One way is to invest in training your employees. An ongoing security awareness training for all your workers is a highly recommended security measure. A cyber-aware employee will save you more dollars than an unaware one with cybersecurity software.
Below, we discuss four important things you should train your employees on.
Inform your employees about the consequences of cybersecurity incidents
Your employees are your first and last line of defense. If they are ignorant of good cybersecurity practices, your company is at great risk of an attack. You have to let them know their role in keeping the business data safe and ensuring the smooth running of business operations.
Equip them with practical knowledge of what to do when they encounter cyber threats.
Let them know how expensive and disastrous a cyber-attack is for the company and its customers. The case of the 2021 Colonial Pipeline Ransomware attack and how it disrupted the fuel supply chain in the United States is a good starting point.
Ensure they have a proper security software
A lot of processes in the workplace require some sort of software to complete. Insecure software or ignorance of the right way to use them are risk factors for cyber-attacks. To prevent these attacks, your employees must use secure software effectively – equip them with it and train them on its usage.
Anti-phishing add-ons, firewalls, and encryption software are key software you must provide and teach your employees to use effectively.
Teach them to recognize phishing and social engineering attacks
Phishing and other social engineering techniques lure people into believing in the legitimacy of an illegitimate scheme.
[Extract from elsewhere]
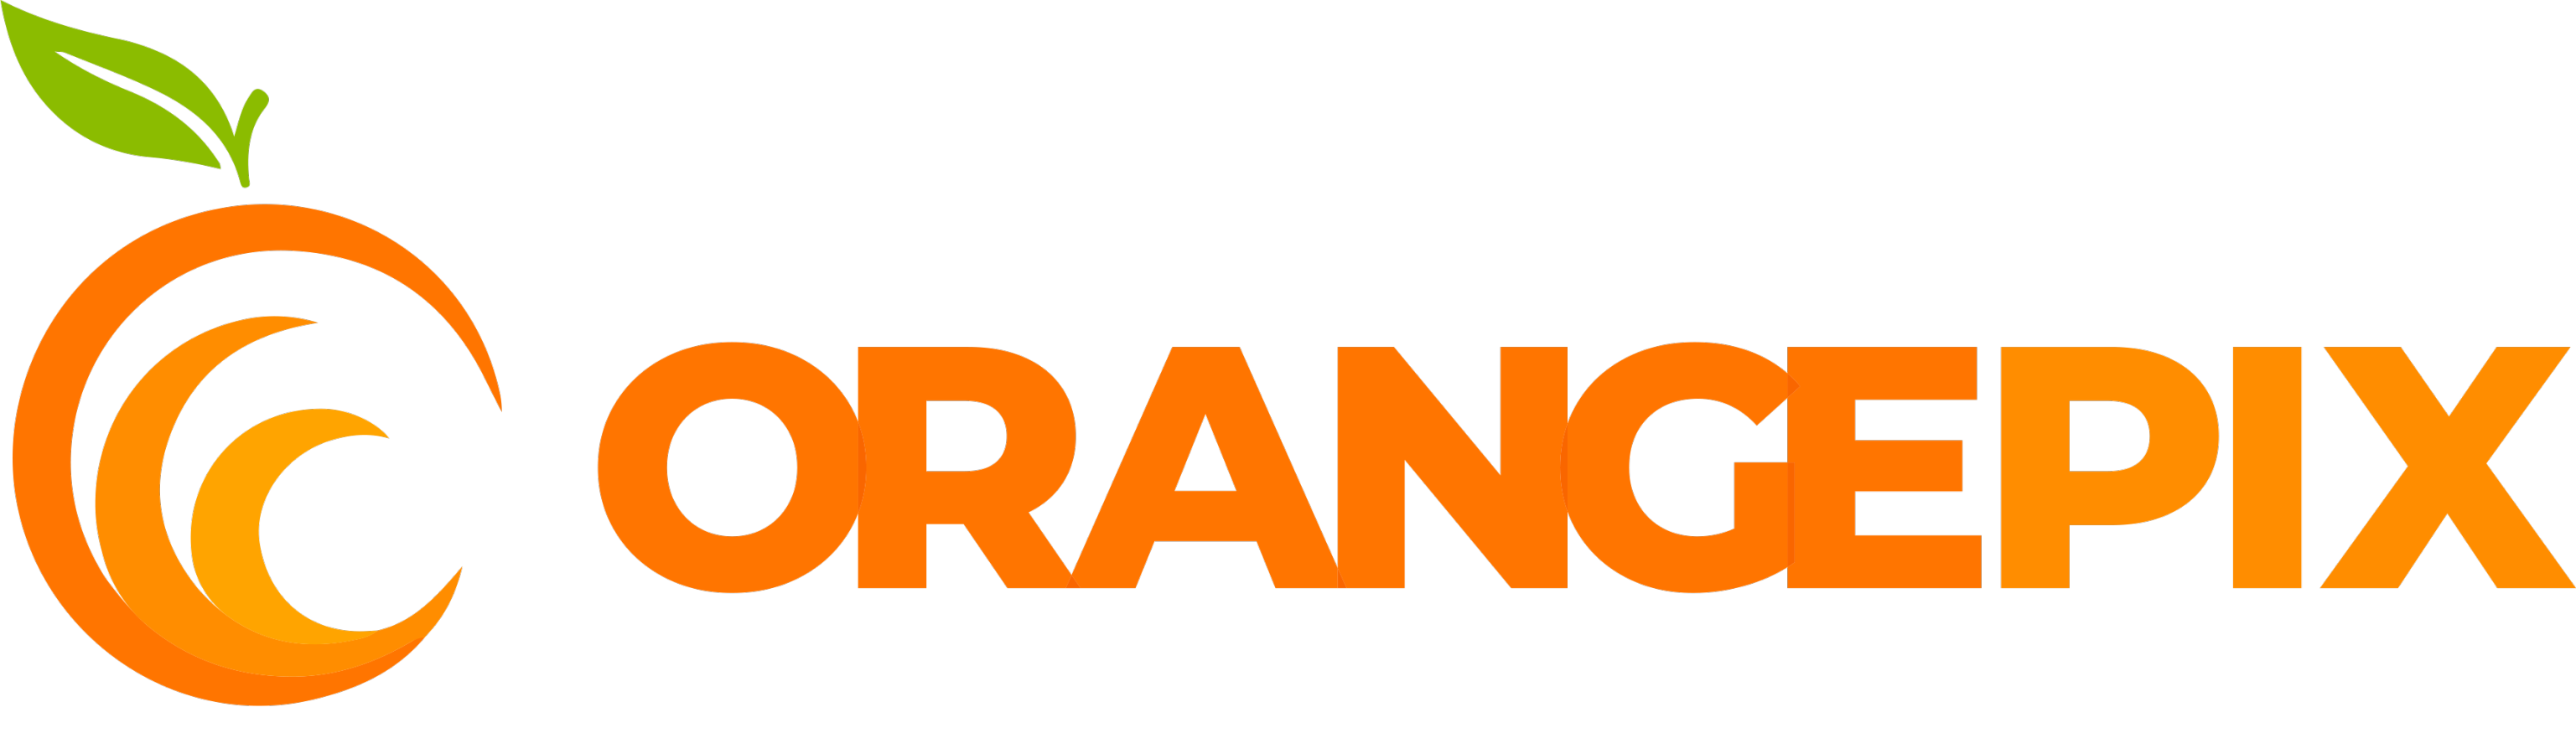 Orangepix - Web Agency

Whether putting you in a false sense of urgency or exploiting your ignorance, the malicious agent behind a phishing scam depends on you being unaware or hasty to achieve their aims.
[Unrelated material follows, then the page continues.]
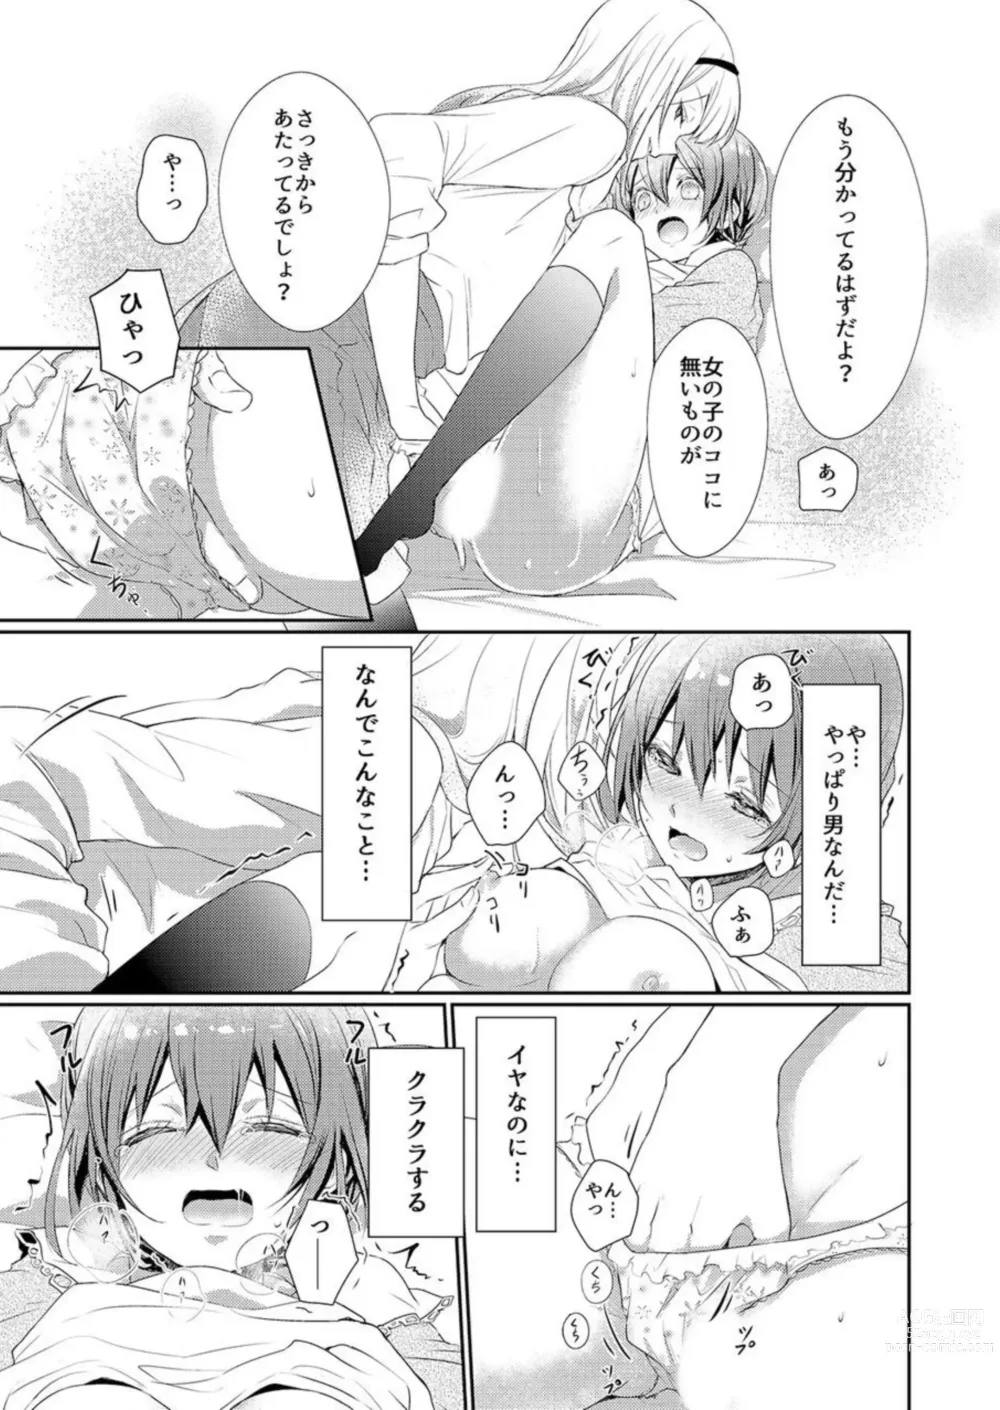 Page 13 of manga Skirt no Naka wa Kedamono Deshita 1

Therefore, vigilance is key. Your training should help your employees understand what a phishing attack entails.
Teach them the fundamentals of anti-phishing practices:
- Never click suspicious links.
- Never click on pop-ups.
- Never download files from suspicious emails or websites.
- Verify the trustworthiness of a site by checking its URL. Secure sites begin with “HTTPS“.
- Click on links only on trusted sites. A site is trusted when you can ascertain its relevance and administrators.
Strong password etiquette matters
Strong passwords are fundamental parts of an effective cyber-security defense. However, poor etiquette can turn this measure on itself. It makes it easy for malicious agents to find their way around passwords.
You should train your employees on how to manage sensitive information. They should learn never to reveal information or their passwords to anyone. There should be regulations that ensure that just enough information required for their jobs is given to the employees.
Conclusion
If your business has been a victim of ransomware attacks, you know it is a long, expensive, and difficult process to recover.
You should teach your employees the best practices of cyber security. Teach them good internet etiquette, how to manage passwords, and how to avoid cyberattacks. Besides training, equip your employees with the necessary tools for defense against any cybersecurity attack.
Keep in mind that these are not one-time actions. You must stay up-to-date on the changes happening in the digital world and take corresponding steps to adapt.
The saying — Prevention is better than cure — is arguably the best advice you can get from a cyber-security expert. It is much easier to stop an attack than recover from it. Put your company in a better position cybersecurity-wise by training your employees. It will be worth it.